И не только по-человечески, но и — более того — профессионально жаль, что так рано ушел от нас талантливый и энергичный писатель, на долю которого выпало раскрыть нам тот неизвестный мир устных литератур, из недр которых встали такие гиганты, как Стальский и Джамбул.
1945
На Востоке
На Дальнем Востоке одержана историческая победа. Советские войска в Мукдене, Чанчуне, Харбине, Порт-Артуре! Квантунская армия — этот извечный очаг провокаций и преступлений против нашей родины — сложила оружие, сдалась на милость победителя. Японский агрессор разгромлен. И этому в решающей степени способствовала наша родная Красная Армия.

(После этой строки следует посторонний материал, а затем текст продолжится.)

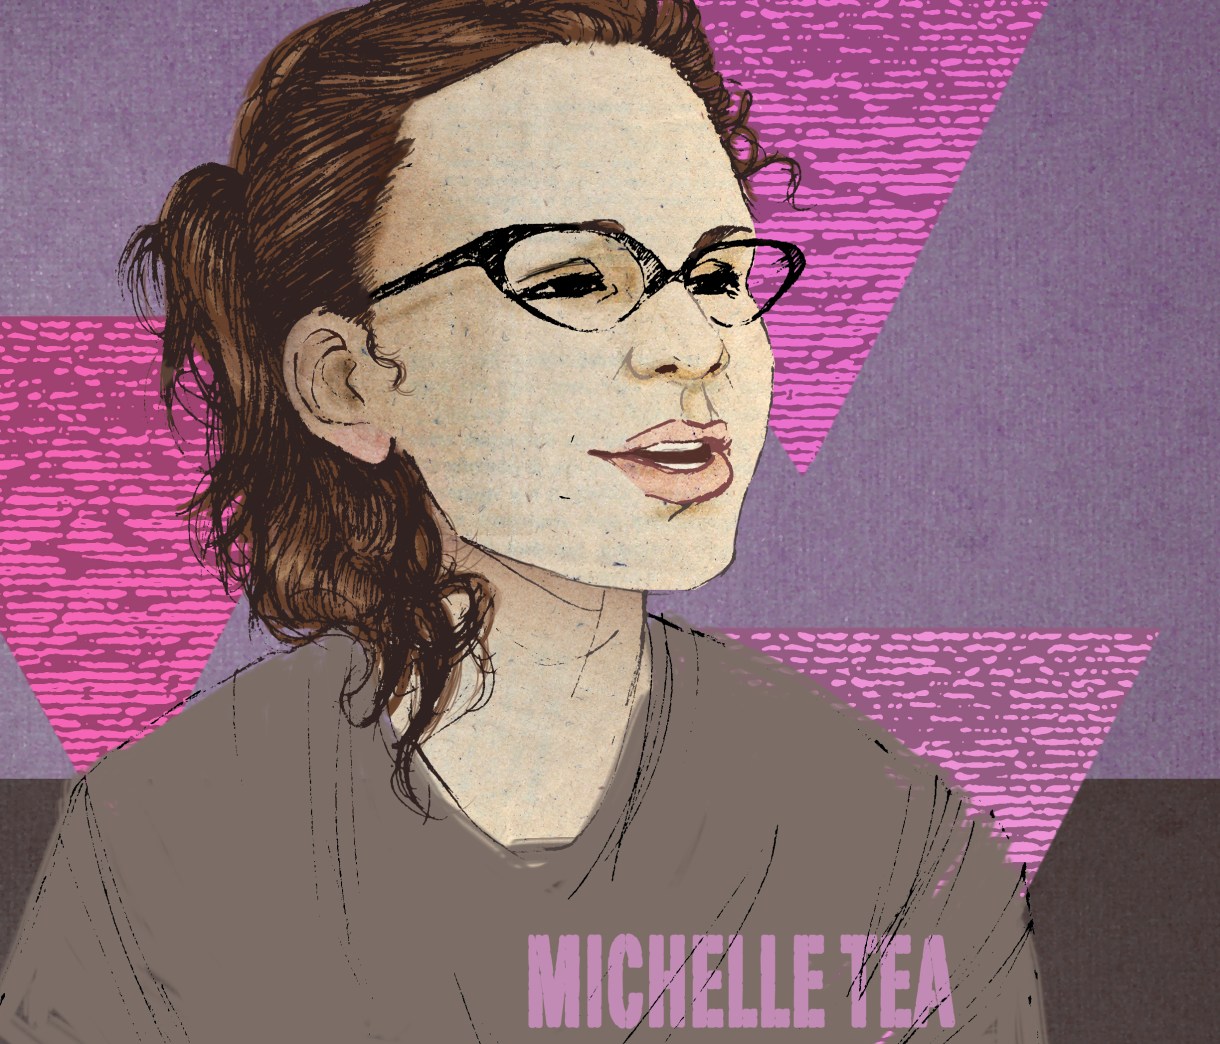 Michelle Tea by mishka colombo

Никогда еще объявление войны не было актом большего миролюбия, чем в данном случае с Японией, ибо Япония — это прежде всего разбой, угнетение, эксплоатация. Советский Союз выступил против фашистской Японии, и это было понято в глубинах Азии, как наступление рассвета после чересчур затянувшейся ночи.
Борьба с японской военщиной была не легким делом. Она оказалась по плечу наиболее опытной и закаленной армии мира — Красной Армии.
С завистью думаю я о товарищах, встреченных мною в Вильнюсе, в Каунасе, в Будапеште и Вене, о которых мне известно, что они сражаются на Дальнем Востоке.
О двух или трех из них я знаю даже несколько больше: они находились в Ворошилов-Уссурийском.
Штурмом взят маньчжурский городок Санчагоу, за рекой Суйфун, на берегах которой начинал я писать «На Востоке». И подумать только, что о такой возможной встрече на берегах Тихого океана мы говорили в чудесных окрестностях Вены. И вот они уже там, на Востоке, а я — нет.